Contrasting genome-wide and regional polygenicity across complex traits

We applied BEAVR to estimate regional polygenicity from marginal effect size estimates for five anthropometric and blood pressure traits from the UK Biobank (see Table 1). Marginal association statistics were computed for each of these traits from a subset of unrelated individuals identified as White British (see Materials and methods). We applied BEAVR by dividing the genome into a total of 470 6-Mb regions where each region has on average 1, 000 SNPs. Since BEAVR requires an estimate of LD between the SNPs, we used in-sample LD, i.e., LD computed on the White British subset of the UK Biobank. We additionally used HESS [12] to estimate regional heritability. Since BEAVR produces a posterior distribution of the regional polygenicity, we report a region to have nonzero polygenicity if the posterior mean—(2× posterior standard deviations) does not overlap 0. Furthermore, we estimate the genome-wide polygenicity for a trait as the sum of the posterior means of regional polygenicity across all regions.

thumbnail
Table 1. Genome-wide estimates of polygenicity and total SNP heritability.

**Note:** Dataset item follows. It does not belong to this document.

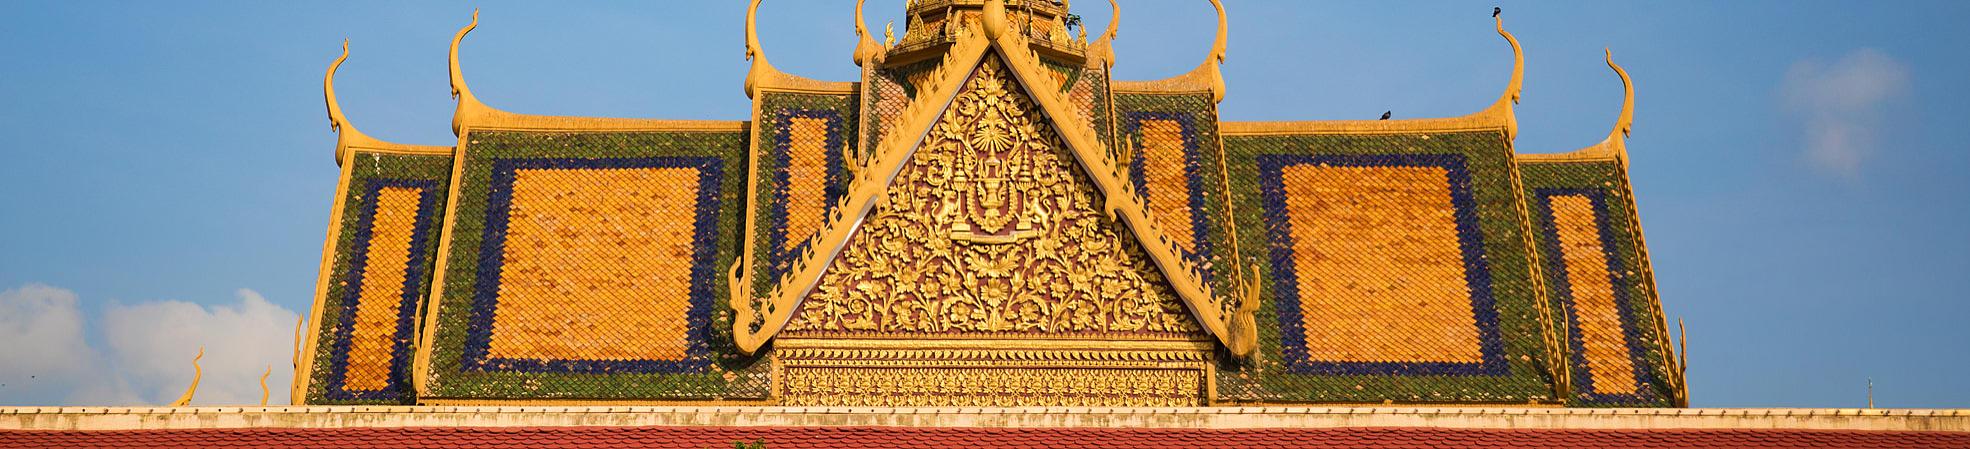 Cambodia Tourist Attractions 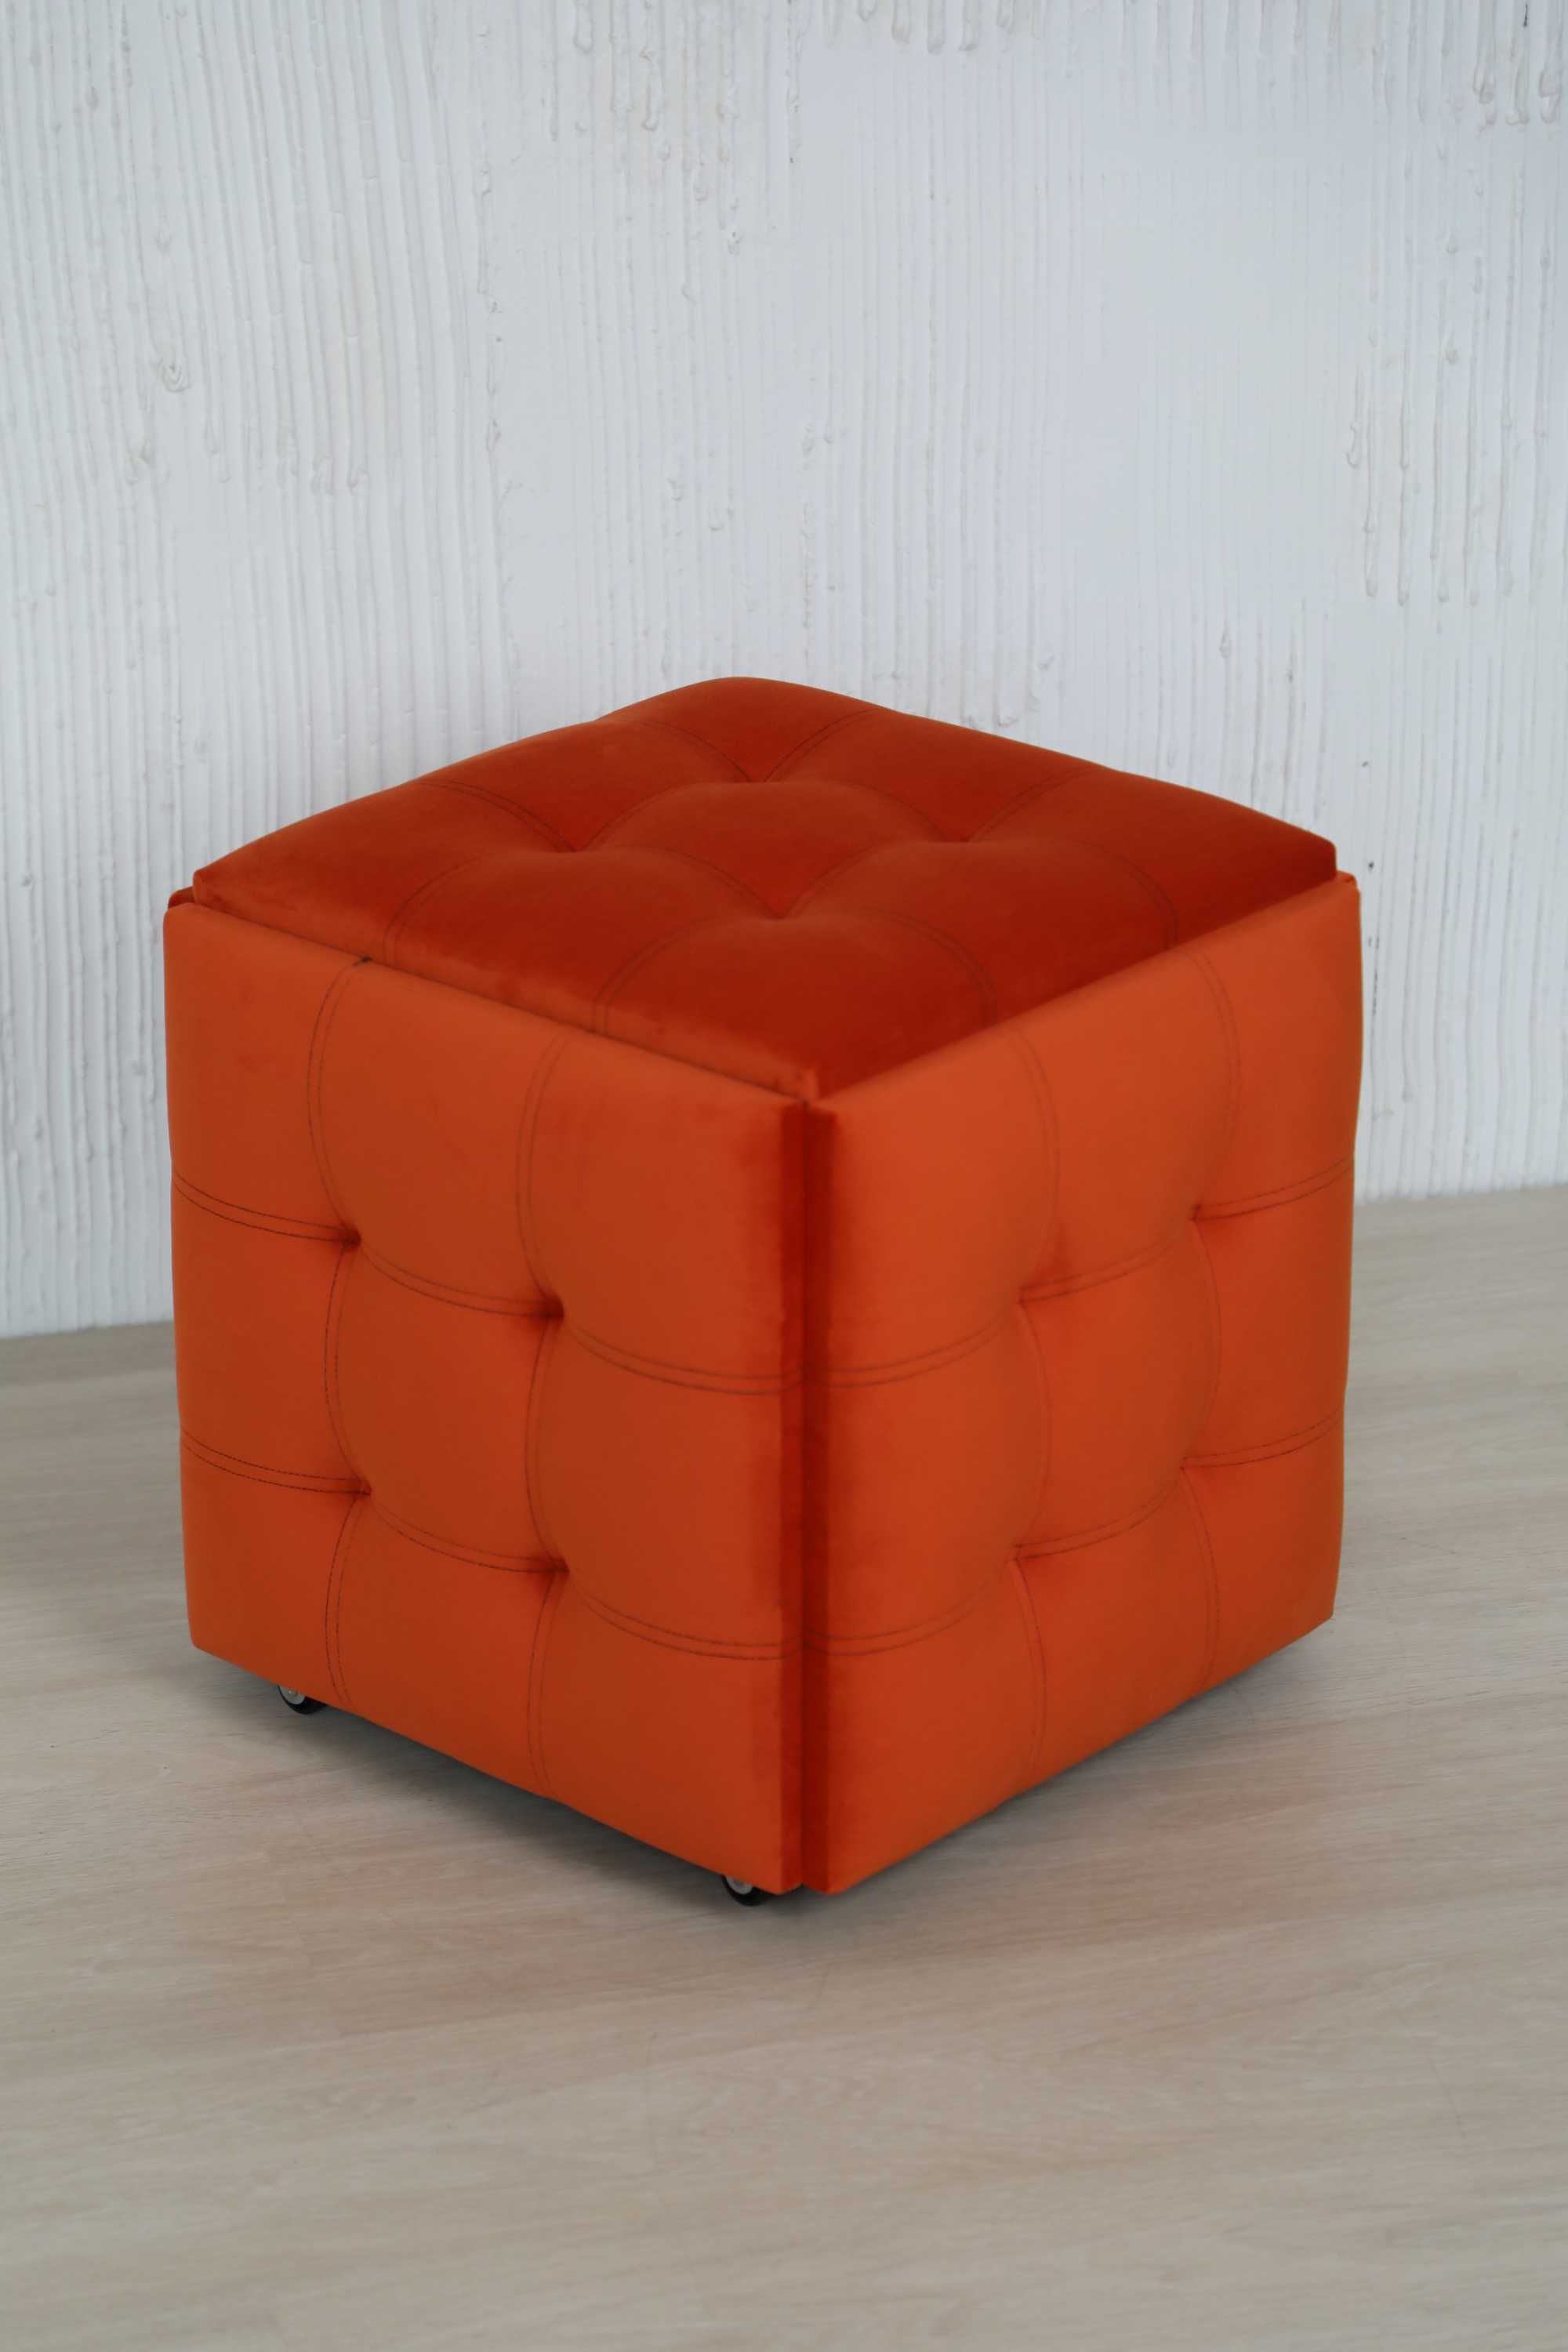 Пуфик-трансформер 5 в 1. Оранжевий пуф. Стіл, столик, крісло, стульчик

https://doi.org/10.1371/journal.pcbi.1009483.t001

Consistent with previous estimates of genome-wide polygenicity [2], we observe that all the analyzed traits are highly polygenic. Across the traits, we observe that over one-third of the regions in the genome contain at least one causal SNP and overall each of the traits is estimated to harbor at least 1, 000 causal SNPs (Table 1). We also observe variation across traits: for height, nearly 80% of the regions contain at least one causal SNP and the total number of causal SNPs could be as high as 15, 000 while blood pressure traits are estimated to harbor about 2, 500 − 3, 000 causal SNPs. Our estimates for the proportion of causal SNPs for height is significantly higher than previously reported [2] (Table 1): the 95% credible interval estimated by BEAVR is (3.0%, 3.2%) while the estimates from prior work [2] are 0.9% with standard error 0.1%. We hypothesize that this difference is due, in part, to our method capturing smaller effect sizes by fully modeling LD, which is consistent with our simulations, but could also arise from the differences in SNP sets and GWAS summary statistics analyzed.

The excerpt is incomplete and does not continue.